Forecast temperatures across Serbia, Romania, Bulgaria and Hungary are expected to decline over the next several days. That should reduce cooling demand pressure while supporting renewable integration conditions.

Gas and carbon markets were relatively stable but still supportive of power pricing cost pressure: CEGH gas traded around €47/MWh while EU carbon allowances climbed toward €77/tCO₂—relevant particularly for coal-heavy systems such as Serbia and Bosnia. In the regional generation balance for the observed period, coal accounted for around 17% of regional supply while gas contributed approximately 15%.
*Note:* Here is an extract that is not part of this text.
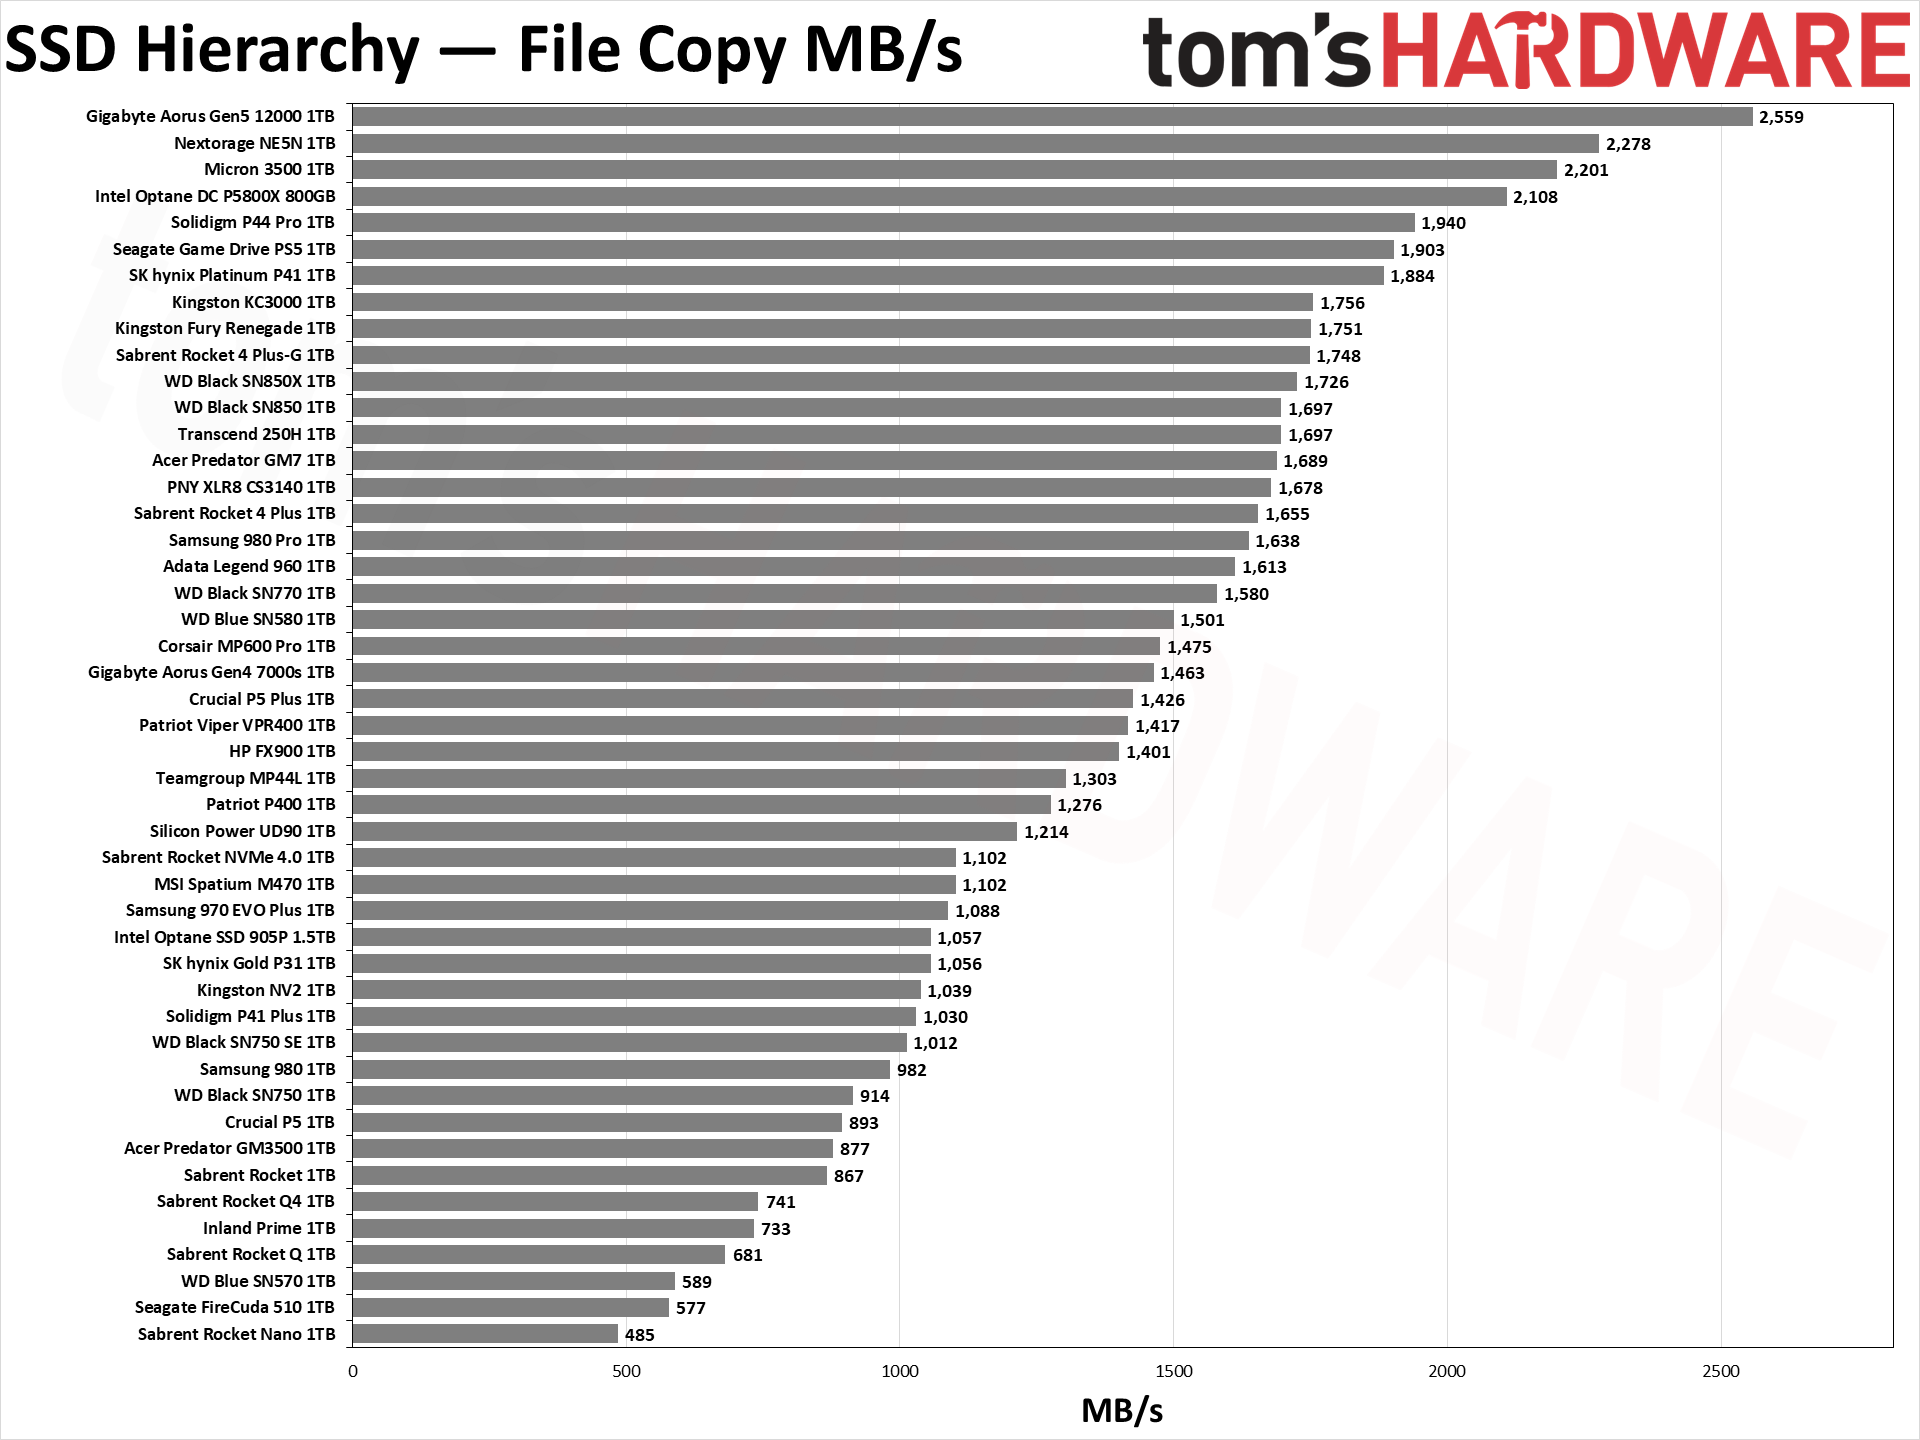 SSD Benchmarks Hierarchy performance charts

Forward curves hold up despite weaker spot levels

Forward markets showed resilience even as spot prices corrected lower temporarily. Hungarian Week 21 baseload futures traded around €127.5/MWh, while Calendar 2026 contracts remained above €113/MWh—suggesting traders continue to price structural tightness and long-term volatility into regional curves despite renewable-driven spot declines.

Tighter coupling between renewables, industry demand and storage

An additional trend visible in today’s dataset is growing integration of renewables with industrial demand and storage infrastructure across SEE. New project announcements from Bulgaria, Greece and Turkey point toward hybrid structures combining renewables with storage alongside industrial decarbonization efforts.

A notable example highlighted was a Bulgarian partnership between CWP Europe and Heidelberg Materials linking wind generation directly with low-carbon cement production using carbon-neutral materials. Turkey was also cited for a new hybrid wind-plus-storage project using Goldwind turbines—reflecting an accelerating shift toward storage-backed renewable flexibility across the region.

Gas corridor uncertainty persists

At the same time, parts of the gas-market narrative remain fragile for power economics in SEE. The Vertical Gas Corridor connecting Greece toward Ukraine continues to struggle with insufficient commercial demand despite revised tariff structures and operational flexibility; buyers have been reluctant to commit to long-term capacity while Russian gas still indirectly enters regional markets and LNG demand remains uncertain.

Taken together, Tuesday’s trading points to an evolving transitional EU frontier system: structurally import-dependent yet rapidly solarizing; still reliant on coal-fired supply; dependent on cross-border balancing; but moving steadily toward dynamic pricing frameworks, storage integration—and trading patterns where volatility increasingly reflects renewable-driven scarcity rather than only fuel or geopolitics risk.